The Court has reviewed the search results provided by Plaintiff. Defendants are correct that, to the extent Plaintiff's searches identified responsive information, the information was located within publicly available SEC filings contained within Defendants' websites. Considering that such information is publicly available outside of Defendants' websites, the Court will not require Defendants to provide any SEC filings in response to the instant discovery request.

IT IS ORDERED that Plaintiff's Motion to Compel is DENIED with respect to Request for Production No. 20.

14. Request for Production No. 21

Plaintiff's Request for Production No. 21 seeks production of "all documents and declarations [Defendants] intend to rely upon to defeat Plaintiff's Motion for Class Certification, including any and all documents and declarations that you expect to introduce at the class certification hearing." (R. Doc. 82-2 at 5). Defendants objected to the request on the basis that it was premature, stating that they would "produce the documents that it intends to rely upon in accordance with the Court's scheduling order." (R. Doc. 82-3 at 9).

Plaintiff has not yet moved for class certification. Until Plaintiff files such a motion, Defendants are under no duty to separately identify documents that they expect to introduce at the class certification hearing. Defendants may identify such documents in response to any motion for class certification, or at a deadline set by district judge with regard to the class certification hearing. Of course, while Defendants need not identify any documents in response to this request, they remain under a continuing duty to supplement their initial disclosures and discovery responses, and must provide any supplemental discovery responses as discussed in the body of this Order.

IT IS ORDERED that Plaintiff's Motion to Compel is DENIED with respect to Request for Production No. 21.

15. Request for Production No. 23

Plaintiff's Request for Production No. 23 seeks production of "documents showing each management level employee who at any time had any responsibility for the Fees or Costs, including executive officers, including the position held by each and the dates that each position was held." (R. Doc. 82-2 at 6).
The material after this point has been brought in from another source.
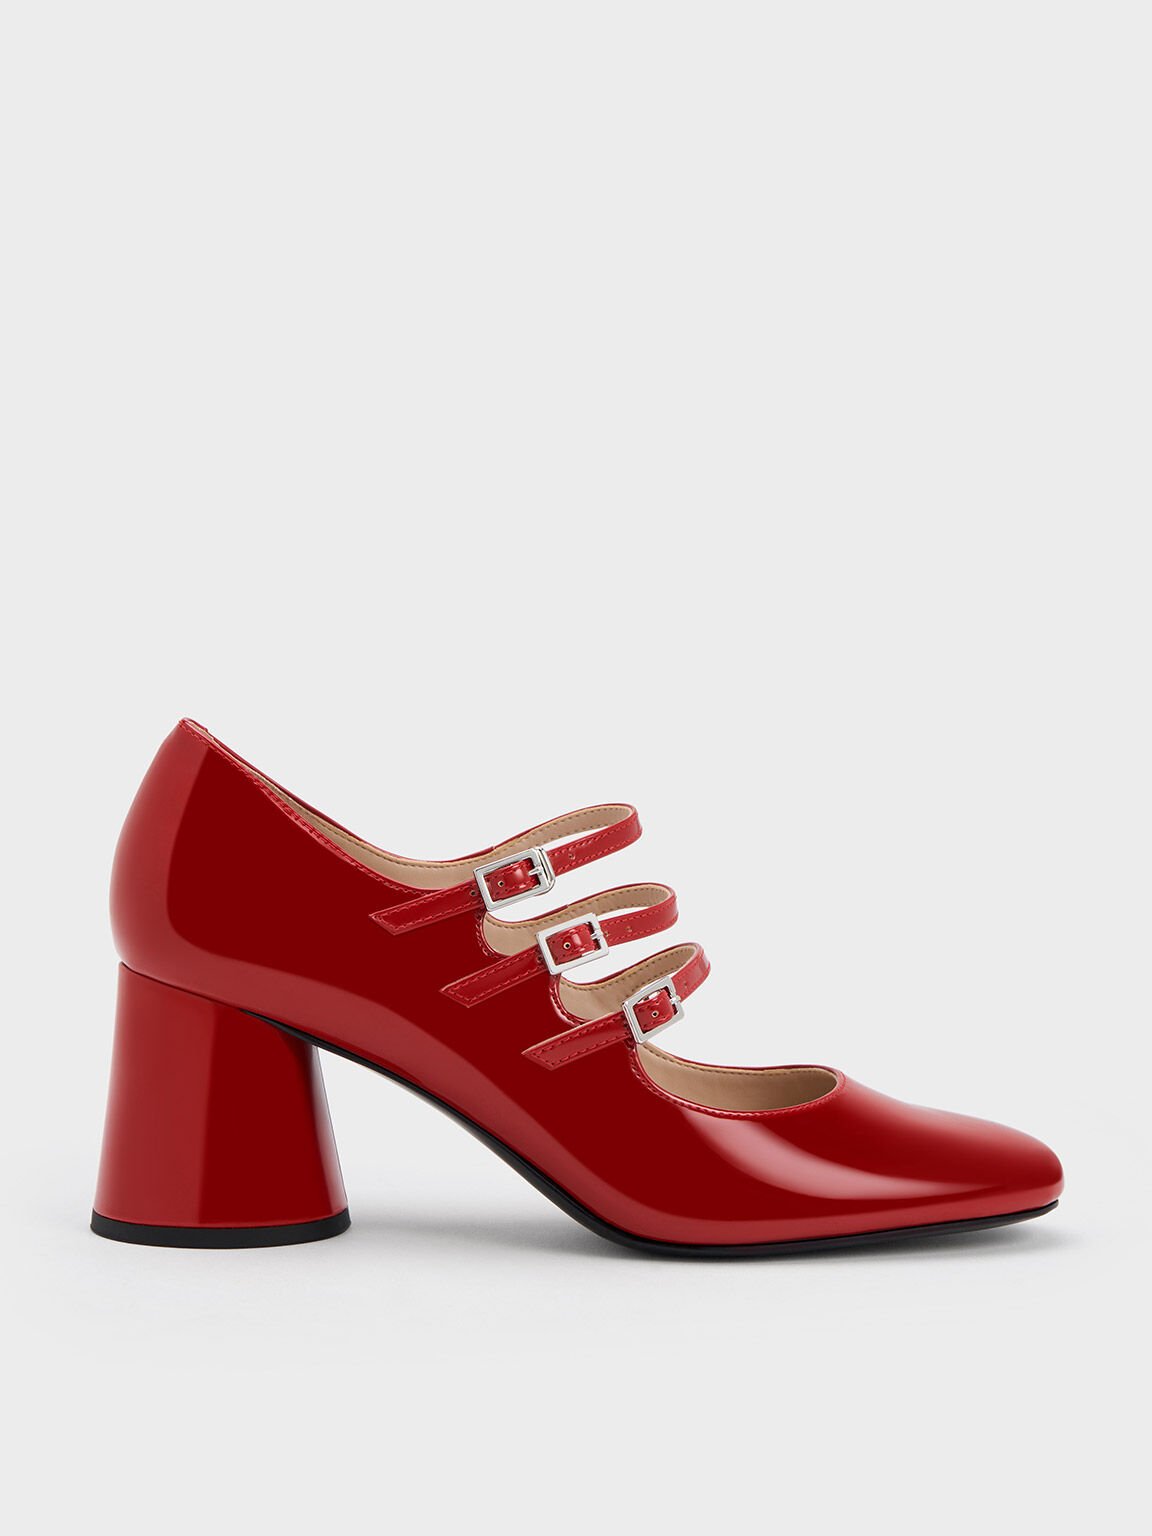 Buckled Cylindrical Heel Mary Janes, Red, hi-res

Defendants objected to the request on various bases, including overbeadth and relevance. (R. Doc. 82-3 at 10).

Plaintiff argues that without a response to this request, it is unable to verify whether the custodians identified by Defendants as in response to Request for Production No. 2 are "the full and complete set of persons who have relevant information." (R. Doc. 82-1 at 13). Defendants represent that they do not have any responsive documents. (R. Doc. 84 at 10).

Given Defendants' representation, the Court concludes that Defendants have satisfactorily responded to the document request. To the extent Plaintiff has sought a list of the management level employees through an interrogatory, however, such information is discoverable.

IT IS ORDERED that Plaintiff's Motion to Compel is DENIED with respect to Request for Production No. 23.

III. Conclusion

Based on the foregoing,

IT IS ORDERED that Plaintiff's Motion to Compel (R. Doc. 82) is GRANTED IN PART and DENIED IN PART.

IT IS FURTHER ORDERED that Defendants must supplement their responses to Plaintiff's Request for Production Nos. 1, 8, 9, 10, 15, and 17, as detailed within the body of this Order, within 14 days of the date of this Order.

IT IS FURTHER ORDERED that Plaintiff's motion seeking to exceed the page limits and to strike the non-compliant supplemental brief (R. Doc. 100) is DENIED as moot. Signed in Baton Rouge, Louisiana, on May 8, 2018.

FootNotes


1. Plaintiff defines "Fees" as "Loss Damage Waivers" and "Environmental Charges." (R. Doc. 82-2 at 3).
2. The Court is ordering, below, that Defendants produce monthly financial statements reflecting revenue and expenses attributable to LDW and Environmental Charges, providing further information about how these fees were accounted.
3. Plaintiff states it did not provide a copy of these documents because they have been marked confidential. (R. Doc. 82-1 at 9 n.1).